In this work we combine two complementing data-analytic approaches and propose a hierarchical method for constructing informative representations of such datasets along with a suitable metric. This method consists of two stages.

At the coarse stage, we employ Topological Data Analysis (TDA) to extract qualitative structural information from the datasets.

More concretely, we use persistent homology as a topological signature for each dataset. Briefly, persistent homology is a topological-algebraic tool that captures information about connectivity and holes at various scales. It is computed over the ensemble of samples contained in each dataset.

The signature provided by persistent homology is also supplied with a natural metric that allows us to compare the structure of different datasets.

At the fine stage, we use manifold learning techniques to facilitate quantitative structural analysis for each individual sample (modeled as a graph). This enables us to devise a distance between the samples within each dataset, which is the input of our persistent homology computation.

To demonstrate the advantages of our method, we apply it to Hyperspectral Imaging (HSI).

HSI is a sensing technique aimed to obtain the electromagnetic spectrum at each pixel within an image, with the purpose of finding objects, identifying materials, or detecting processes.
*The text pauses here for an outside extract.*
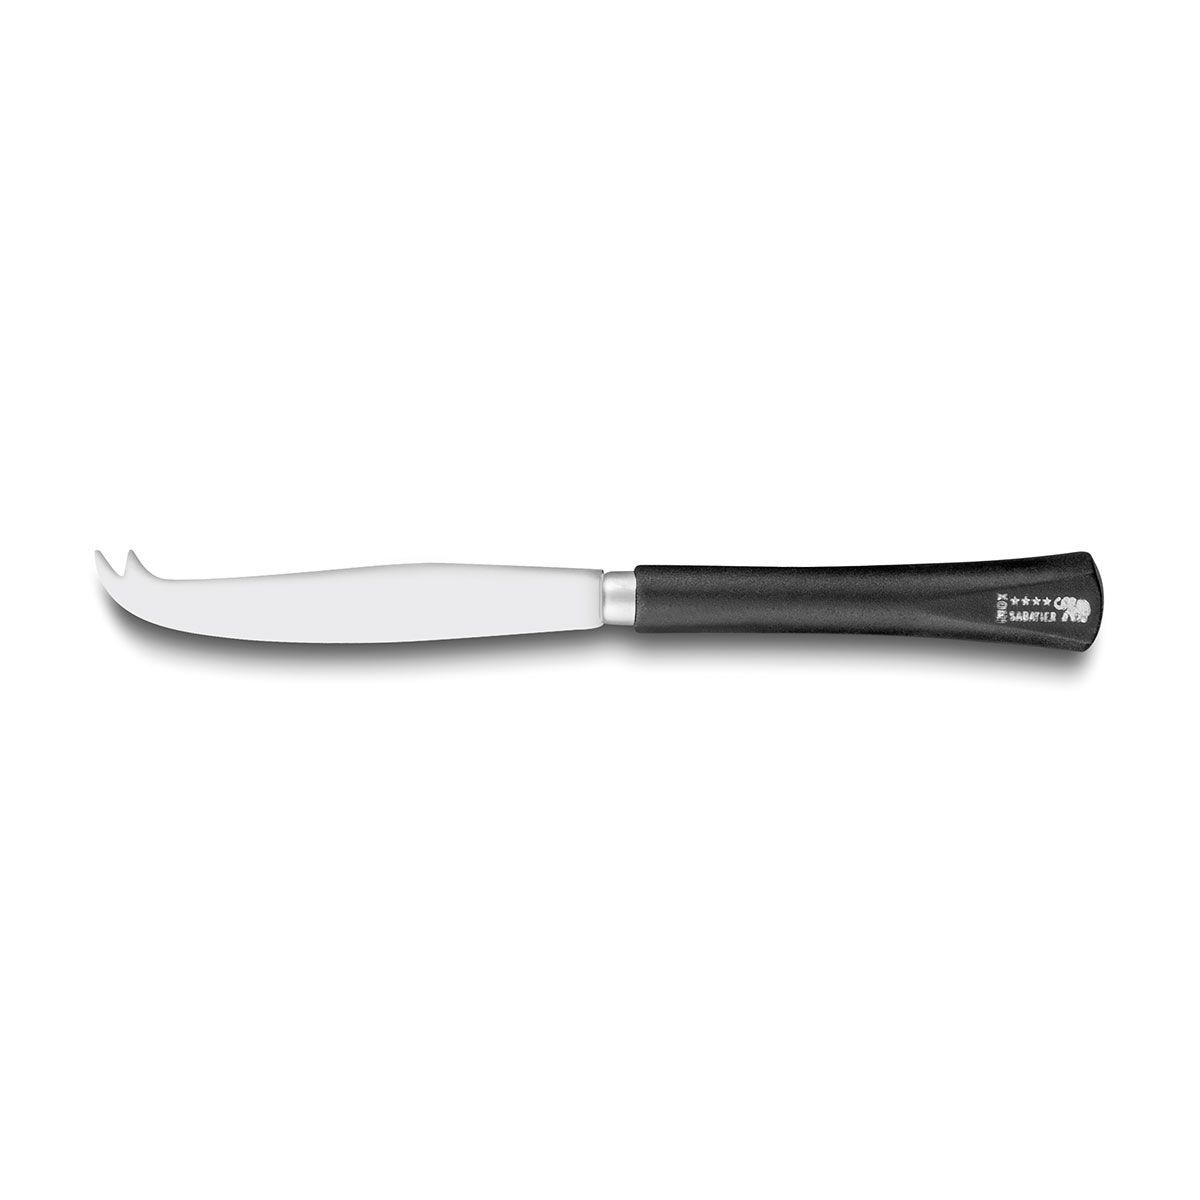 Les couteaux Chien®  Marque de couteaux de table Thiers-Issard

We consider a single HSI image as a dataset, and the spectrum of each pixel as a single sample.

We tested this pipeline on categorical HSI images of the Earth's surface from NASA Jet Propulsion Laboratory's Airborne Visible InfraRed Imaging Spectrometer (AVIRIS), and showed that our unsupervised method separates well between different categories.

In addition, we showed that in a (supervised) classification task based on the attained (unsupervised) representation and metric, our method outperforms state-of-the-art methods including deep-learning based approaches.